For the Feature section of Art Basel 2016, Cherry and Martin is proud to present a solo exhibition of the work of Pat O’Neill (b. 1939, Los Angeles).
Long recognized as a pioneer in avant-garde film, Pat O'Neill is probably the first American to receive an MA in moving image art. Cherry and Martin's presentation will include a new 3-channel edit of O’Neill’s landmark film "Saugus Series" (1974); the monumental fiberglass sculpture, "Large Sweep (1012 Pico Series)” (1968); and a selection of transparency works and collages, 1965 to the present.

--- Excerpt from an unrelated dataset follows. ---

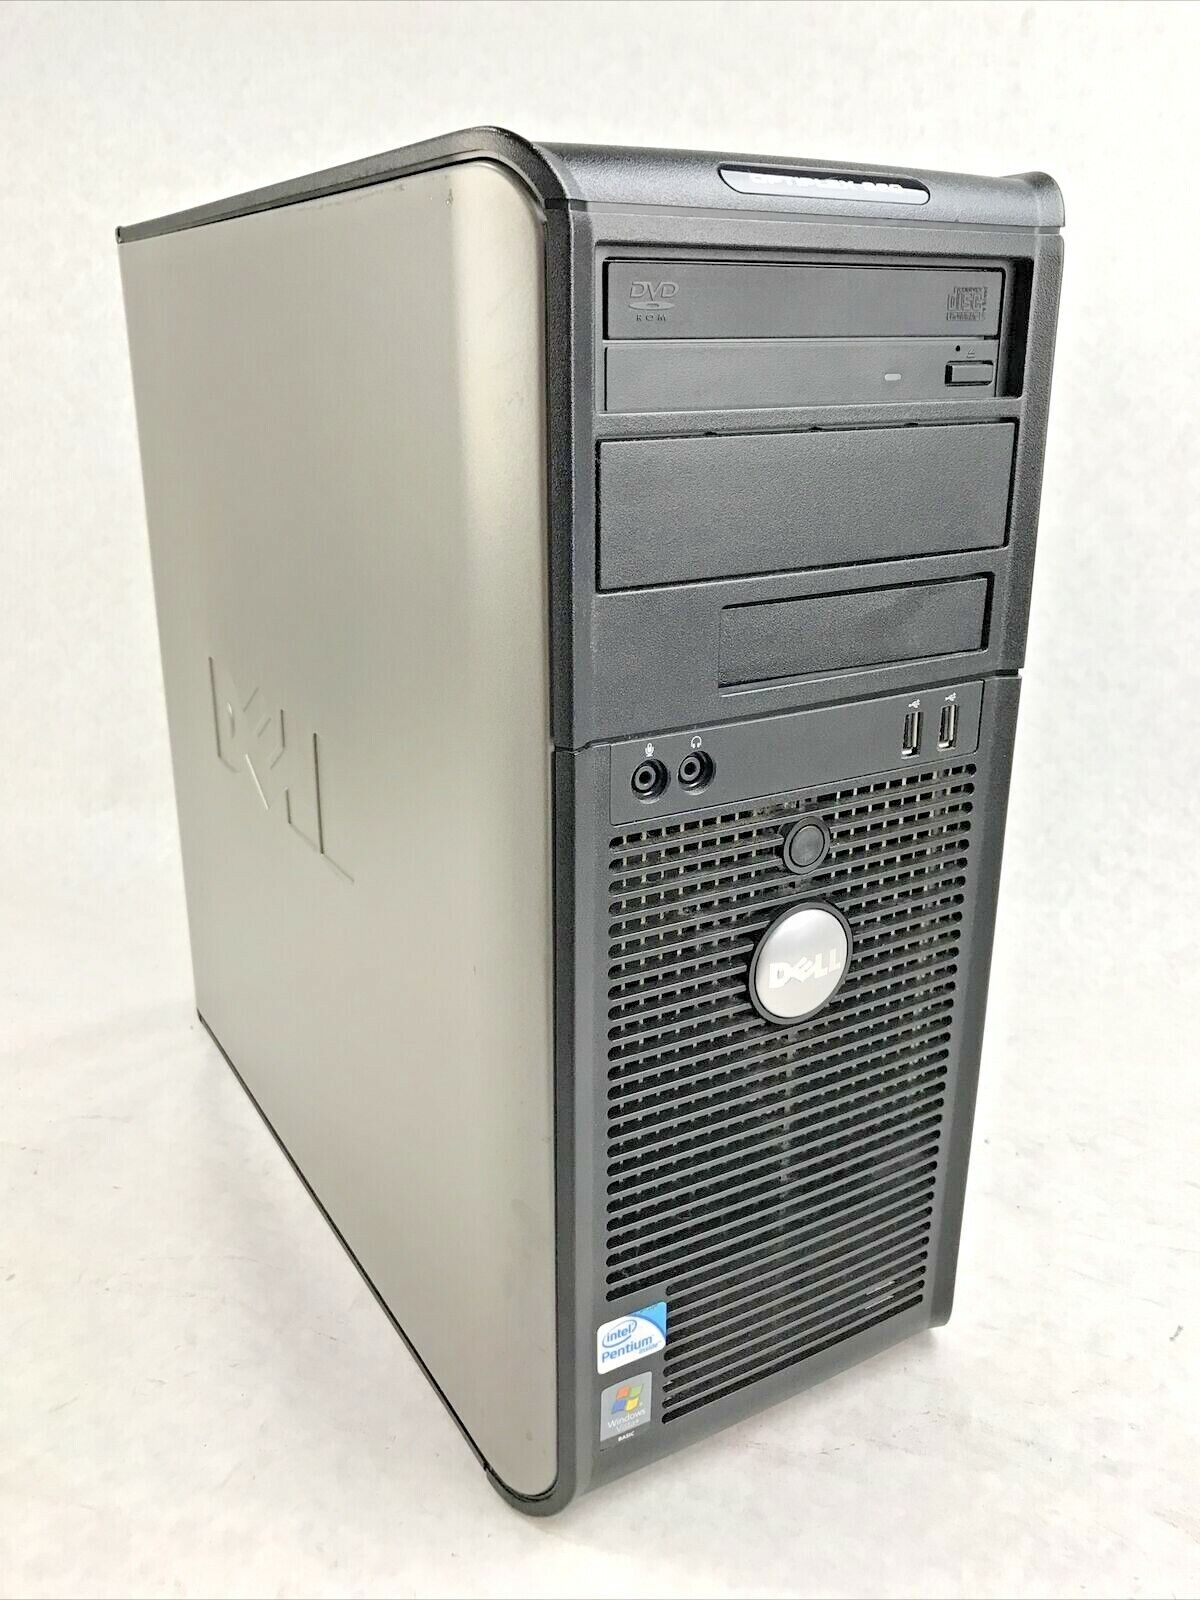 Dell Optiplex 360 Mini-Tower Intel Pentium E5200 2.50GHz 2GB RAM Win NO HD NO OS

A friend and peer of Robert Heinecken, Pat O'Neill was in close conversation with the Bay Area-based Bruce Conner, East Coast filmmakers like Paul Sharits and Hollis Frampton, and a diverse group of LA-based artists loosely experimenting with the interaction between photography, installation and film. The five decades of Pat O'Neill's work reveal his keen interest in expanded photographic practice and its applications for both film and sculpture. As Manohla Dargis of The New York Times notes, in the late 60s O'Neill, "introduced optical printing into his work, a step that allowed him to maximize the medium's plasticity several decades before computer-based composition systems made image manipulation widely accessible. In an optical printer, filmed images are copied onto raw film stock, allowing the filmmaker to subject the images to an array of photographic techniques, including fades and multiple exposures. Optical printers have various industrial uses, but one distinct advantage for film artists is that they allow them to manipulate live-action images the way animators do.”

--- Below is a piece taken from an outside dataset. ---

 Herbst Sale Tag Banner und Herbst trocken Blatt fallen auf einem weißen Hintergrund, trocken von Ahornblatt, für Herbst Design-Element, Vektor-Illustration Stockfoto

"Saugus Series" takes on Los Angeles as an uncertain subject, a displaced location in space and time. Shot in and around the city and other locations in California with "the intent to produce "synthetic" depictions of locations made up of multiple and disparate parts," O'Neill combines the visual effects with a visceral soundtrack that demands the total attention of the viewer. As O'Neill writes, the goal is to "present an image that is both clearly understood and obviously altered. Altering the imagery from its original photographic state raises inevitable questions concerning its reception: What are we to believe? How is a representation changed by proximity with another? How does contradiction, itself, represent our experience?" He goes on to point out that, "My films share some of the concerns of other experimental filmmakers worldwide: defining parameters for the representation of space and time, exploiting personal experience as metaphor, using archival materials in a restated context.”

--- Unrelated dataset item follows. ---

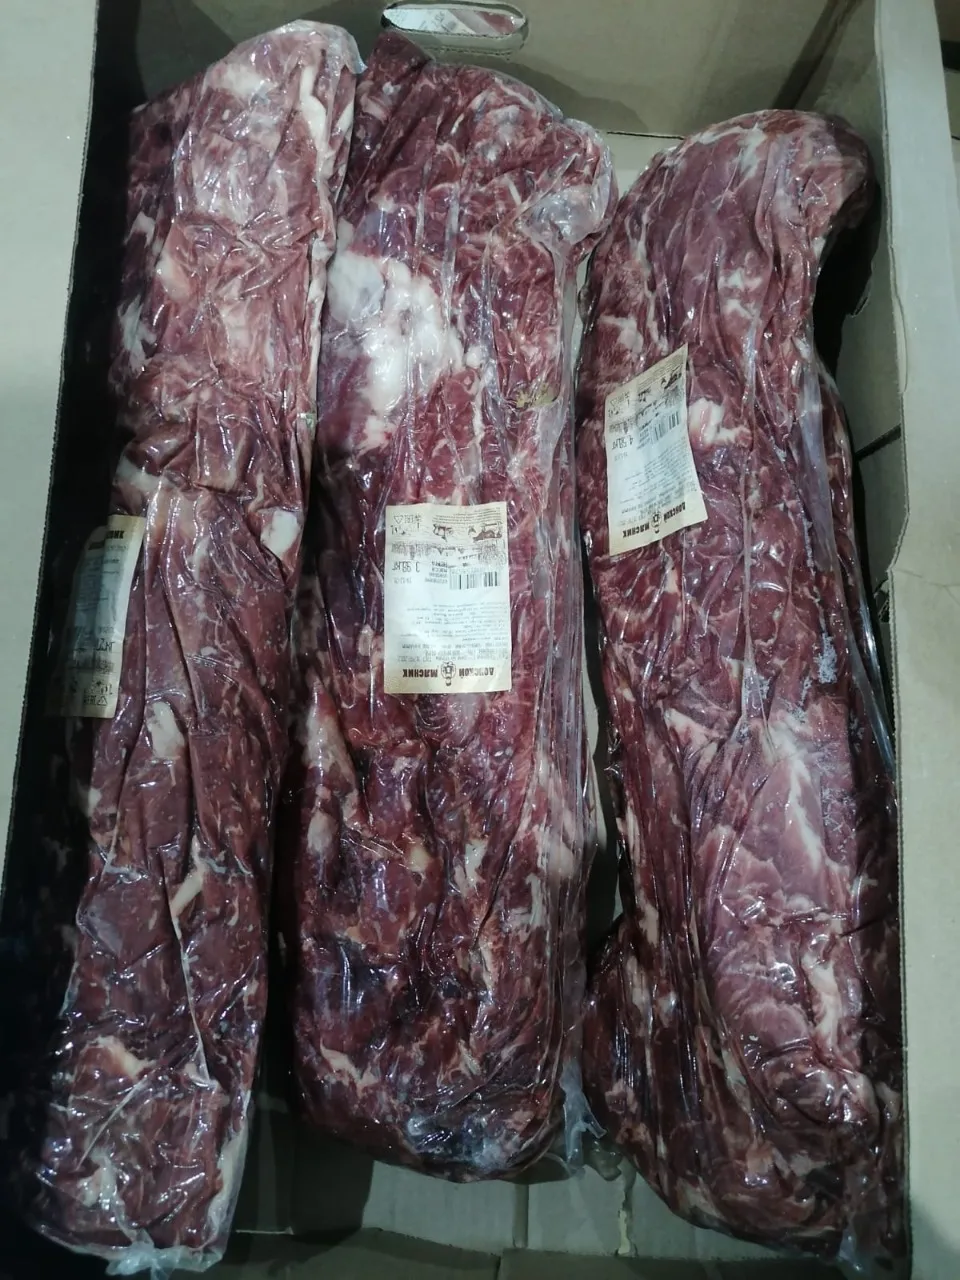 мясо говядины разделка в Краснодаре и Краснодарском крае

In his 1970 book, "Expanded Cinema,” Gene Youngblood links O'Neill with Michael Snow and Stan Brakhage: ’synaesthetic’ filmmakers whose work explores cinema’s ‘extra-objective’ reality—in opposition to television—the new ‘software’ of the planet. For his part, O’Neill states, “The question seems to be one of finding a satisfactory container for one's observations.” Describing films like "Saugus Series," O’Neil goes on to point out that, “The individual parts were all made separately, so the film is not cohesive unless you can see it as a kind of journal, a collection of entries all by the same person but at different times and places. If you see it as a record of an individual who wanders the land and from time to time stops to comment on it, that is about right. The films move from one into the next, almost without interruption. All the time I was doing them, I was thinking about the form, thinking about a way to present film that was completely non-theatrical and non-sequential, that did not rely on any connection between its parts … the audience was free to come and go. I felt the need to get completely away from the theater situation as we know it.“
Pat O'Neill's work will be the subject of a solo exhibition at the Berkeley Art Museum/Pacific Film Archive in November 2016. O'Neill's work has been featured in such important exhibitions as Electric Art (1969, University of California, Los Angeles); 1991 Whitney Biennial (1991, Whitney Museum of American Art, New York); and Los Angeles 1955-1985: The Birth of an Art Capital (2005, Centre Pompidou). O'Neill's work was recently featured in Extracts and Extractions at Les Abbatoirs / Frac Midi-Pyrénés (Toulouse, France). Recent Museum acquisitions include San Francisco Museum of Art (San Francisco, CA); Berkeley Art Museum and Pacific Film Archive (Berkeley, CA); Hammer Museum (Los Angeles, CA); Los Angeles County Museum of Art (Los Angeles, CA); Nora Eccles Harrison Museum of Art (Ogden, UT); Walker Art Center (Minneapolis, MN); Carnegie Museum of Art (Pittsburgh, PA); Whitney Museum of American Art (New York, NY); and les Abbattoirs/FRAC Midi-Pyrénées (Toulouse, France). Pat O'Neill lives and works in Los Angeles.